血清アルブミンの検査について(基準値や異常値の場合の考えられる疾患等) -肝機能の検査
血清アルブミンとは、単純タンパク質の一種で、血液中の総タンパクの内50%~70%程度はこの血清アルブミンが占めており、血液の浸透圧調整や体外物質の保持・運搬機能を担っています。
血清アルブミンの検査について
アルブミン(Alb)は肝臓で作られますが、その際にはアミノ酸をはじめとするいくつかの材料が必要になります。アルブミンは血清蛋白中の約50%~70%を占める蛋白質で、体内で浸透圧の維持や各種の物質と結合し、それらの運搬に関与しています。栄養状態の悪いときには材料が不足しているため蛋白を合成することができなくなり、アルブミンは低下します。よって、栄養状態の指標として用いられる検査です。また、種々の肝機能障害でも蛋白の合成能力が低下するため、アルブミンも低下します。特に著明な低下を示すのは、肝硬変やネフローゼ症候群、悪液質、熱傷などで、急性感染症や慢性腎不全、甲状腺機能亢進症でも低下します。

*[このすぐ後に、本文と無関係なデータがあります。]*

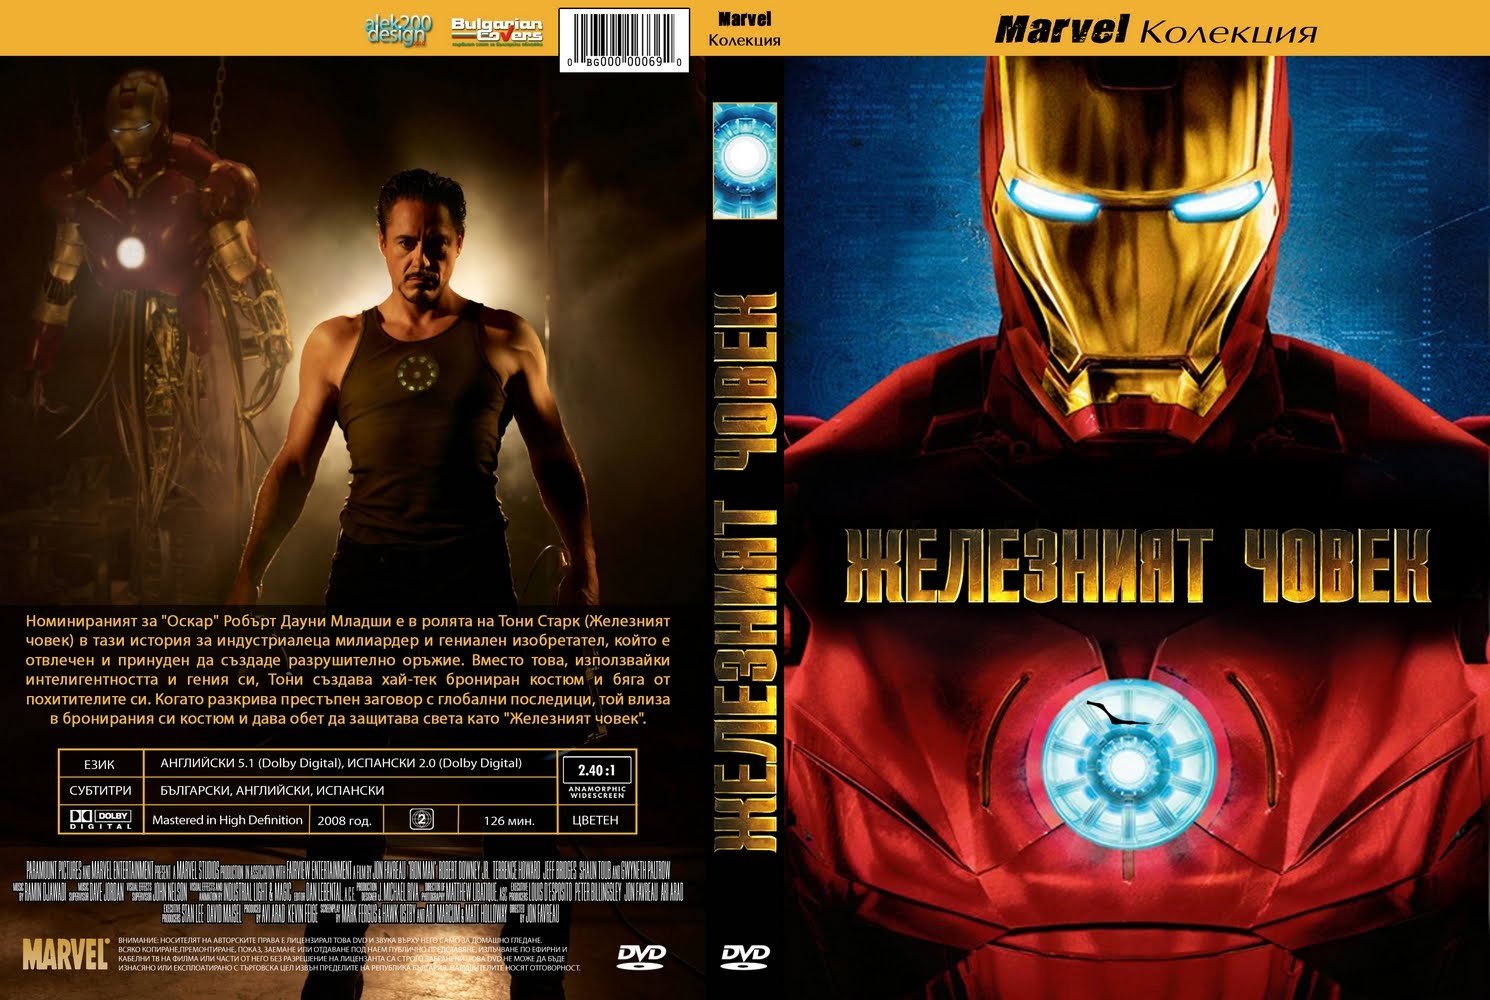 Фраза железного человека. Железный человек 2008 обложка. DVD Iron man 2008. Железный человек 2008 обложка игры. Железный человек (DVD).

血清アルブミンでの検査での異常値の場合の考えられる疾患
血清アルブミンは、生後1年で成人値(基準値3.8~5.3 g/dl)に達し、30歳までは男女ともに一定ですが、加齢とともに低下します。20~30歳代と比較すると50~60歳代では平均0.3g/dL、70歳以上の高齢者では0.4g/dL低いと報告され、老化による肝臓の機能低下と考えられています。また、血清アルブミンは採血時の体位によって影響を受けます。臥位を基準に、座位では平均5%、立位では平均13%高値になります。よって、入院患者では臥位採血するため、外来での採血時と比べて低値となります。特に高齢者の採血時には、注意が必要と言われています。
血清アルブミンでの肝機能の検査
アルブミンとは、血液中の蛋白質の一つで、血液の水分を保持する働きをします。アルブミンは肝臓でのみ作られるので、肝臓に異常があると値が減少します。ですが、健康な人でも、低栄養・栄養不足(たんぱく質不足)の場合は、値が低くなります。値が高い場合:慢性肝炎、肝硬変、多発性骨髄腫、脱水症状など。値が低い場合:肝硬変、ネフローゼ症候群、消化吸収障害などが考えられます。アルブミン濃度が低下している場合は、浸透圧の調整機能がうまく働かなくなるので、むくみや浮腫といった症状が出て、肝疾患やネフローゼまたは栄養失調などがが疑われるようです。